START DATASET CONTENT

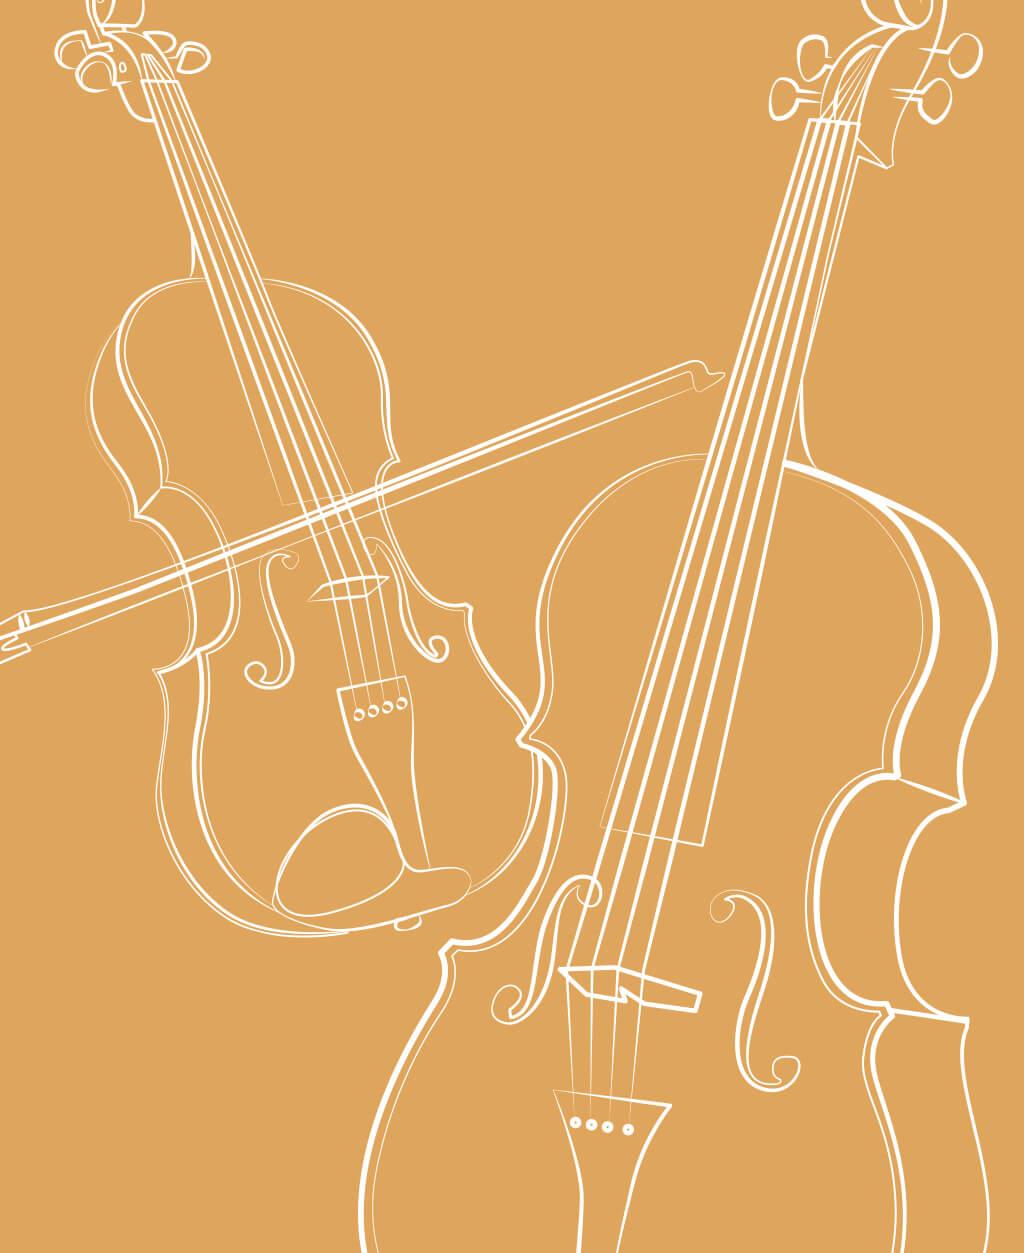 Shostakovich, Raff & Brahms
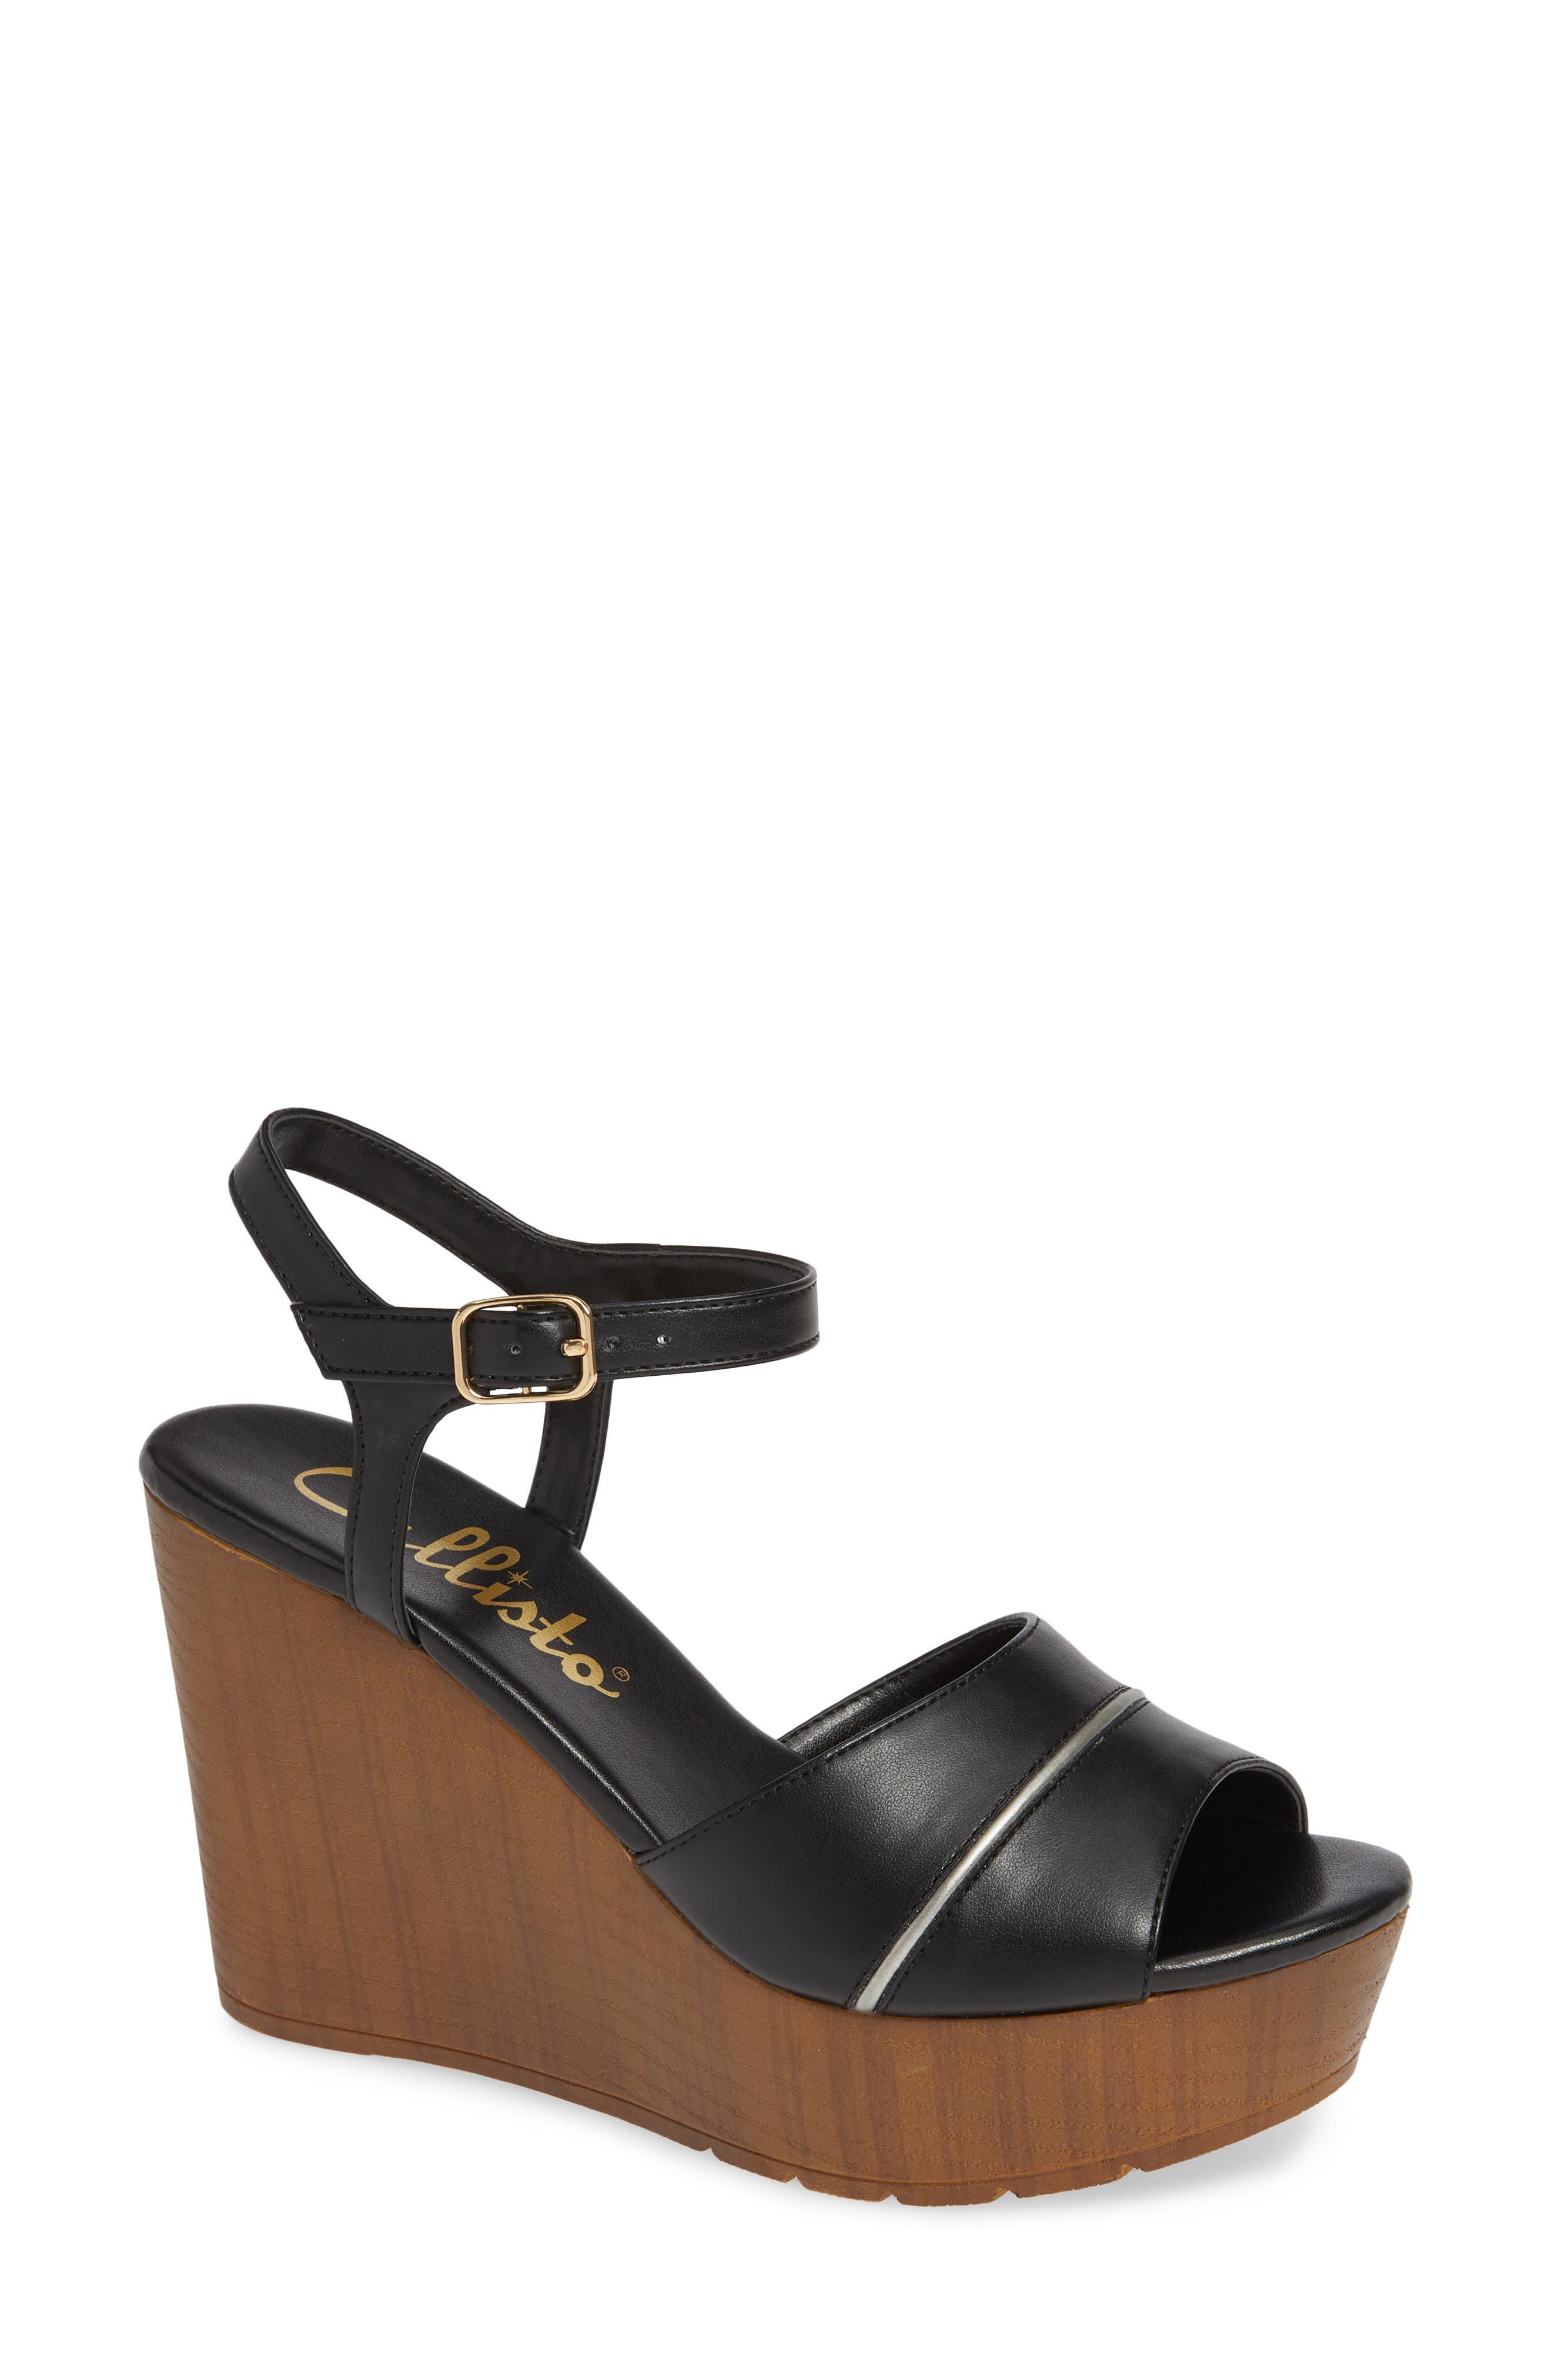 CALLISTO, Masalla Platform Wedge Sandal, Main thumbnail 1, color, BLACK FAUX LEATHER
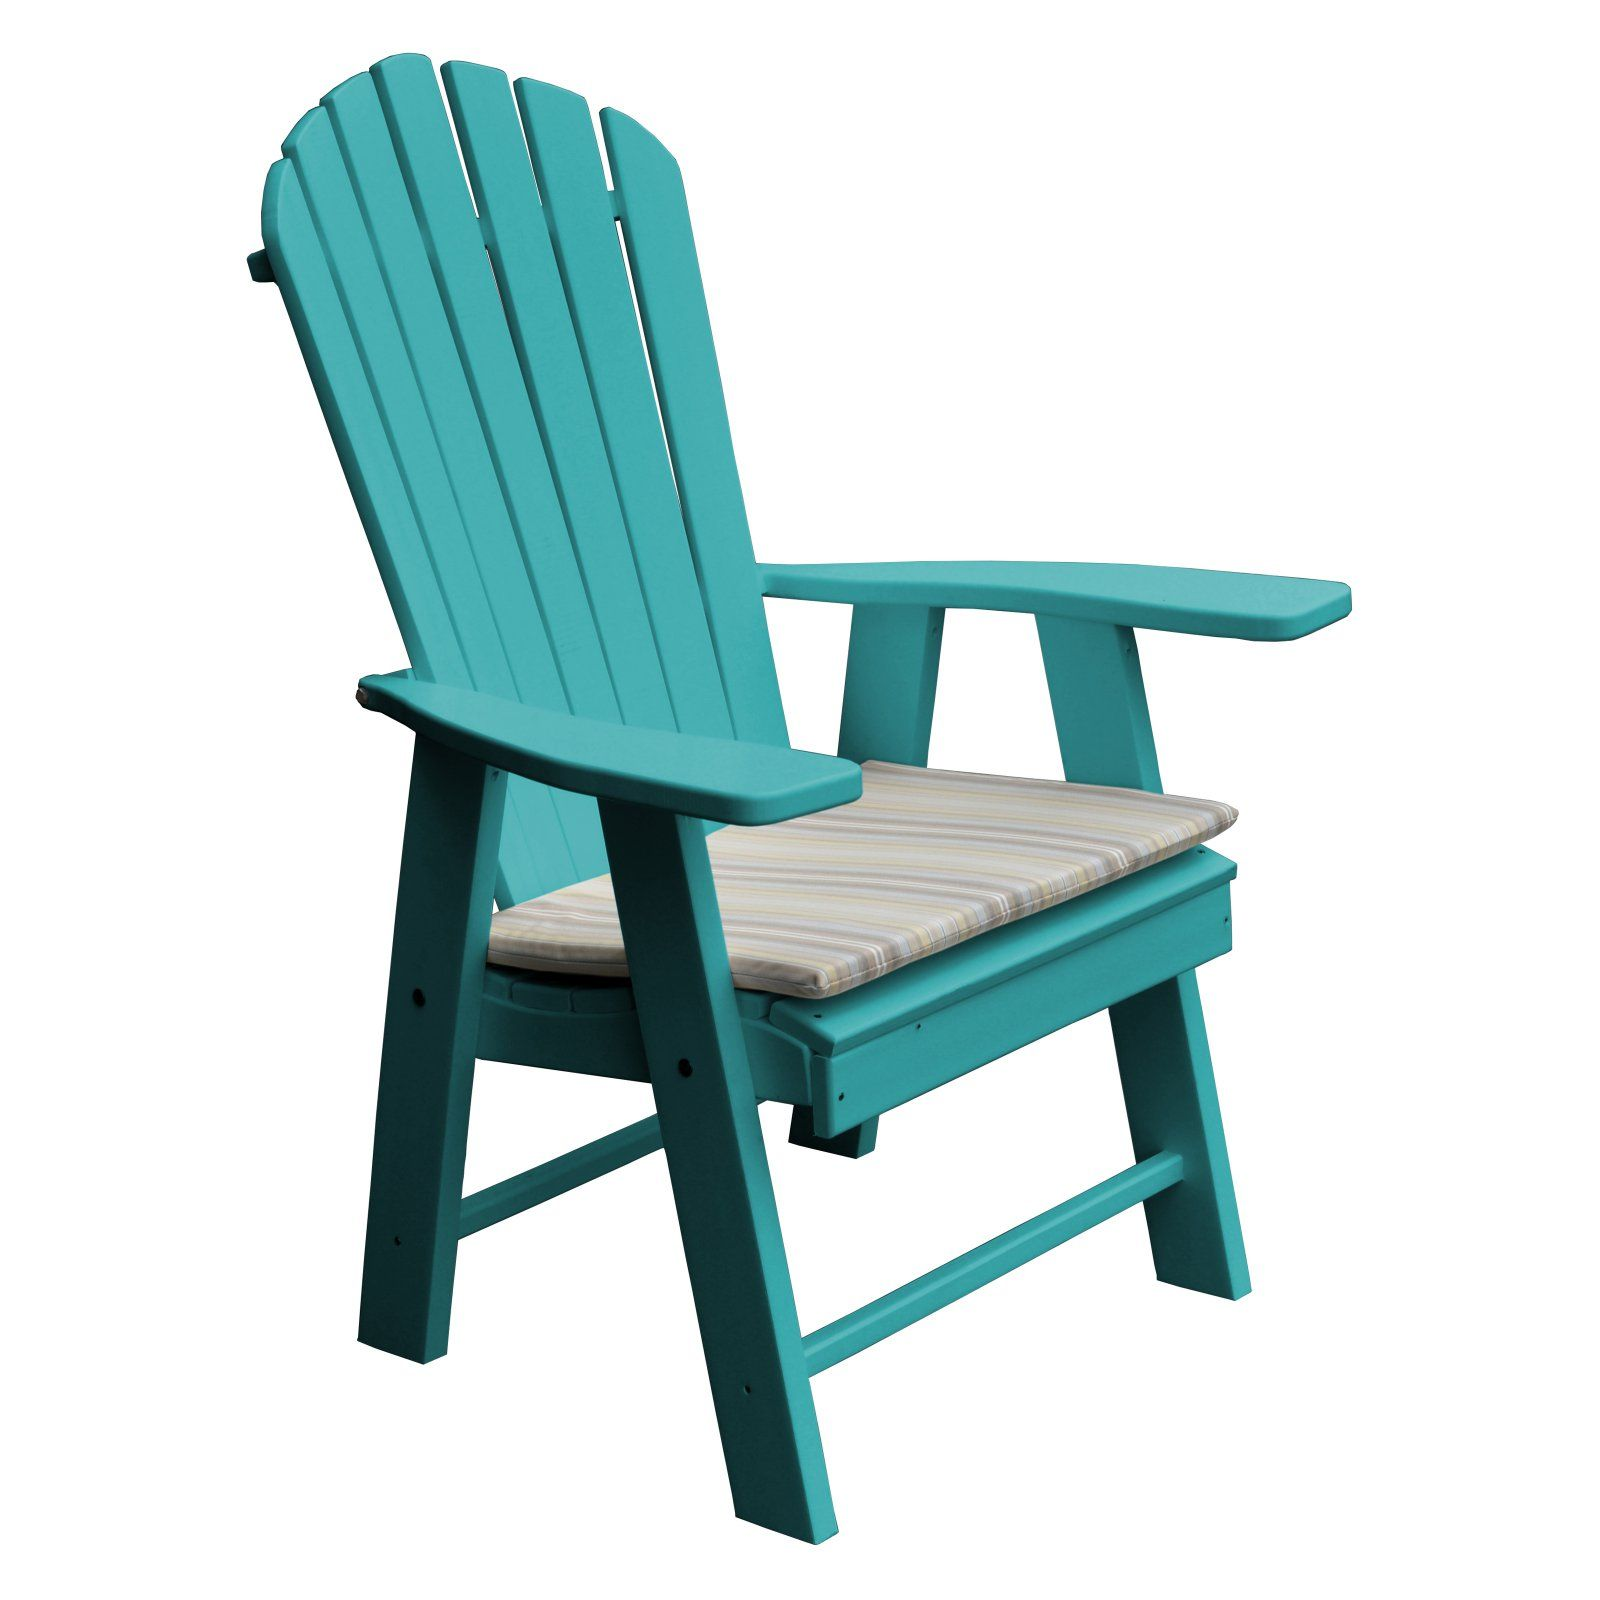 Outdoor Radionic Hi Tech Newport Recycled Plastic Adirondack Patio Chair White

END DATASET CONTENT

WHAT TO DO: Restate the data above word for word, omitting every picture.

RESPONSE TO THE EXERCISE:
 Shostakovich, Raff & Brahms
 CALLISTO, Masalla Platform Wedge Sandal, Main thumbnail 1, color, BLACK FAUX LEATHER
 Outdoor Radionic Hi Tech Newport Recycled Plastic Adirondack Patio Chair White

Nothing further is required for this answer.